A survey of paintings by Charline von Heyl will be mounted in Germany in June at the Deichtorhallen Hamburg and then, for what is being billed as the largest American museum survey yet of the German-born, U.S.-based artist, will travel in the fall to the Hirshhorn Museum and Sculpture Garden in Washington, D.C.

After the German incarnation of the show—to run June 22 through September 24—approximately half of the works will head Stateside while the others will go on to show at the Dhondt-Dhaenens museum in Ghent, Belgium. The Hirshhorn exhibition, to open November 1 and continue into February 2019, will focus on the U.S.-based loans from the German exhibition, including some 30 paintings made since 2005.

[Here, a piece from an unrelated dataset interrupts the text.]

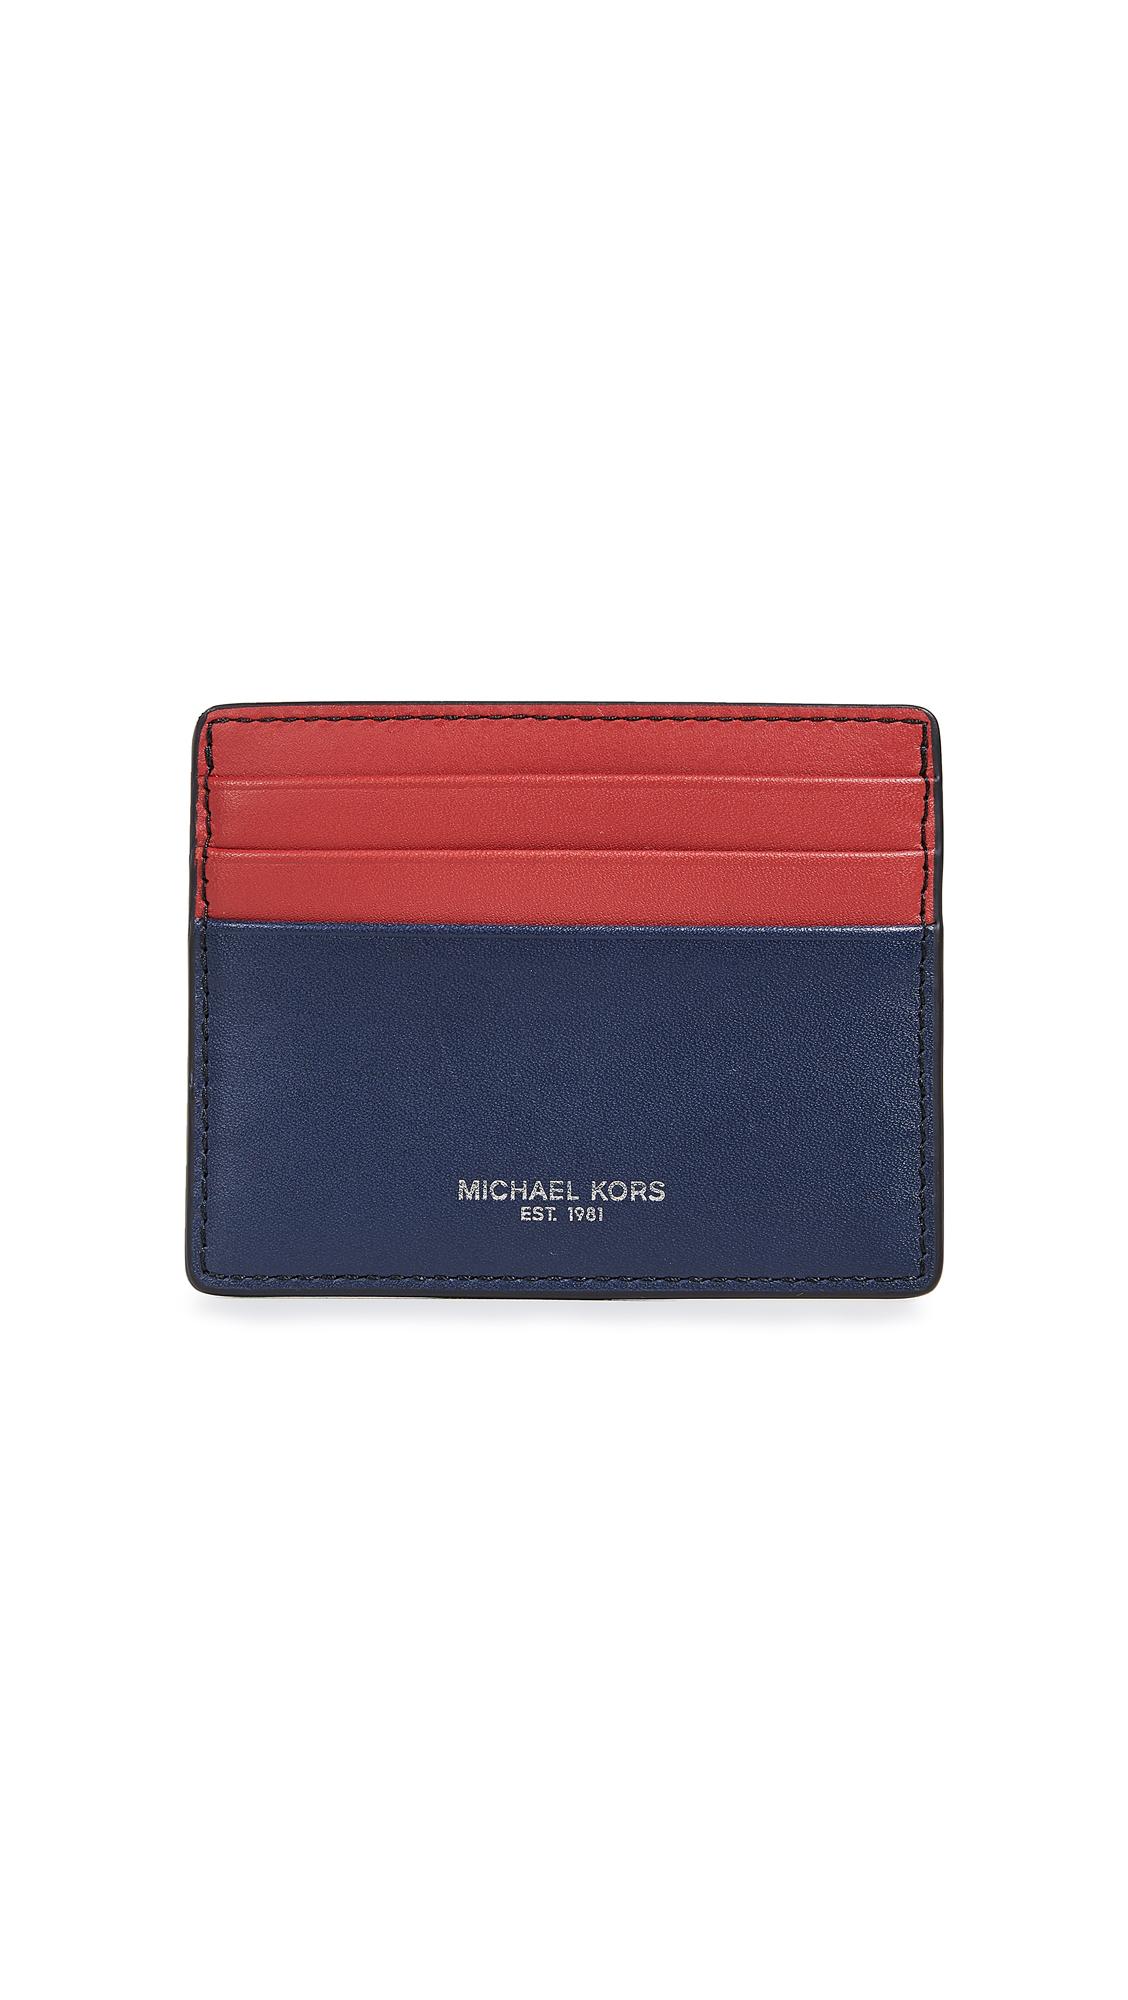 b17d3e3f48d277 Michael Kors Henry Tall Card Case In Navy/Crimson | ModeSens

The arrangement came about after Evelyn Hankins, senior curator at the Hirshhorn, learned of the German show-in-progress during a visit to von Heyl’s part-time home in Texas and endeavored to collaborate. “I went on a studio visit with her in Marfa a year-and-a-half ago interested in organizing a show,” Hankins said. “The Deichtorhallen was already working on a big show, so we ended up partnering.”

The time is ripe for an artist who has had major institutional shows in Europe but not yet the U.S., Hankins said. “I find her work challenging and confounding,” she said.
I’m always drawn to it but find I am constantly surprised. She’s challenging all of our expectations of what painting can be and some of the divisions that surround high art and low art, figuration and abstraction, good taste and kitsch, and visual and literary associations. It’s the complexity and strength of her work that has interested me.”

The exhibitions will be accompanied by a catalogue published in English, German, and Flemish.